We struggled. There were only a few names that at least one of us did not strongly dislike (honestly, the main problem was that Dan was shockingly picky about boys’ names and I just happened to dislike several of the only 5 or 6 he considered acceptable). In the end, we had a list of about 8 names to choose from which were at least passable to both of us, but we each had a strong favorite. We each lobbied for our favorite but (grudgingly) acknowledged that the other would do.
In a surprising twist, as soon as B was born, when first we looked upon him, we each (unbeknownst to the other) changed our minds. Dan decided he preferred the name I’d been advocating for while I suddenly felt that Dan’s favorite name would be perfect. Benjamin went on to spend his first three days without a name until Dan finally decided to let me choose.
Of course, at the time, we could not have foreseen that we’d be living in Austria less than 3 years later. Benjamin is a valid, if not overly common, name in Austria (and seems to belong almost exclusively to Jewish children — names cross cultures much less often here). Generally, people don’t have trouble parsing it, though everyone wants to call him Ben (which he has decided he doesn’t like) and they pronounce it “Ben-ha-meen”, which sometimes bothers him.
With Liam, we really ought to have been able to anticipate a possible move to Austria, but we didn’t consider how well his name would work here, and we thus gave him a name that almost no one in Austria can pronounce correctly. Most people mishear it as Leon, Lia or Leo. (The only places in the world we’ve so far found where that doesn’t happen are the UK and Ireland, where everyone hears “Liam” just fine the first time and absolutely no one considers it the least bit unusual. Of course.) With Liam, however, we had the good fortune to actually agree on a name well before he was born. (“Liam” was on the short list of names when we were expecting B, but it had become the favorite for each of us in the intervening years.) After the months-long process of choosing B’s name, it was a nice surprise to choose a name for Liam in about 10 minutes.

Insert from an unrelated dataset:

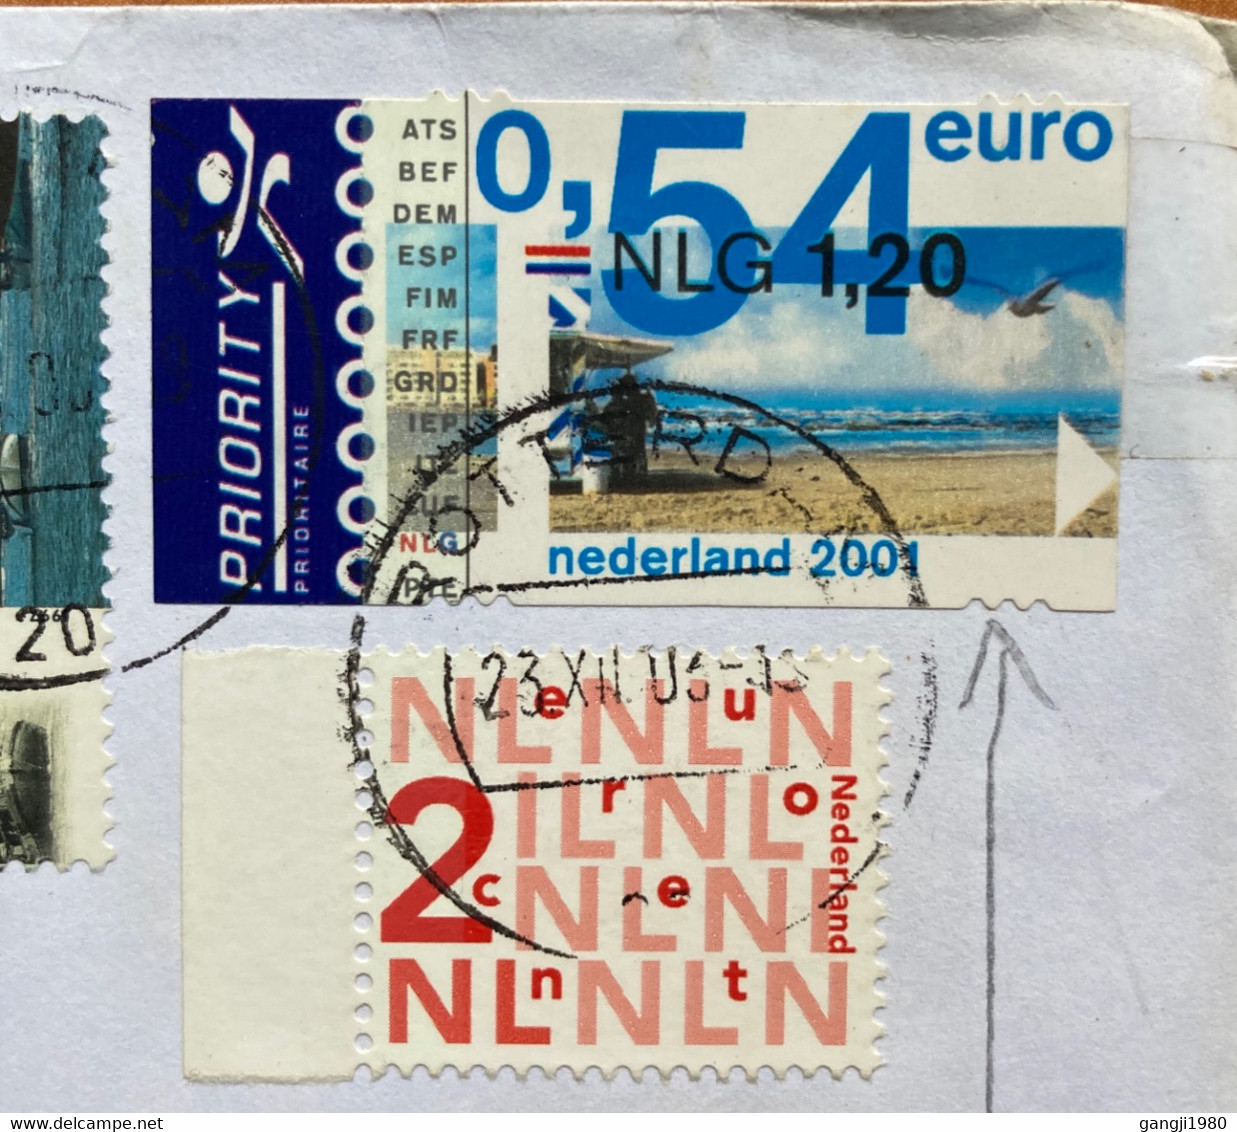 NEDERLAND 2004, PRIORITY SELF-ADHESIVE ATM STAMP ,5 VIEW OF SEA & CITY SHIP COVER TO LITHUANIA - Covers & Documents

Choosing names for my children was such a massive responsibility, and I tried so hard to give them names that would be easy to understand, that were well known but not wildly popular, and which would work for them at all phases of their lives. I considered their names only from an American perspective, though, since it was the only perspective I had. Now it turns out that my logic has been trumped by geography, and, if I am successful in raising boys who move easily through the world, this may be just the beginning of their experience with trying out their names throughout the world (for better or for worse).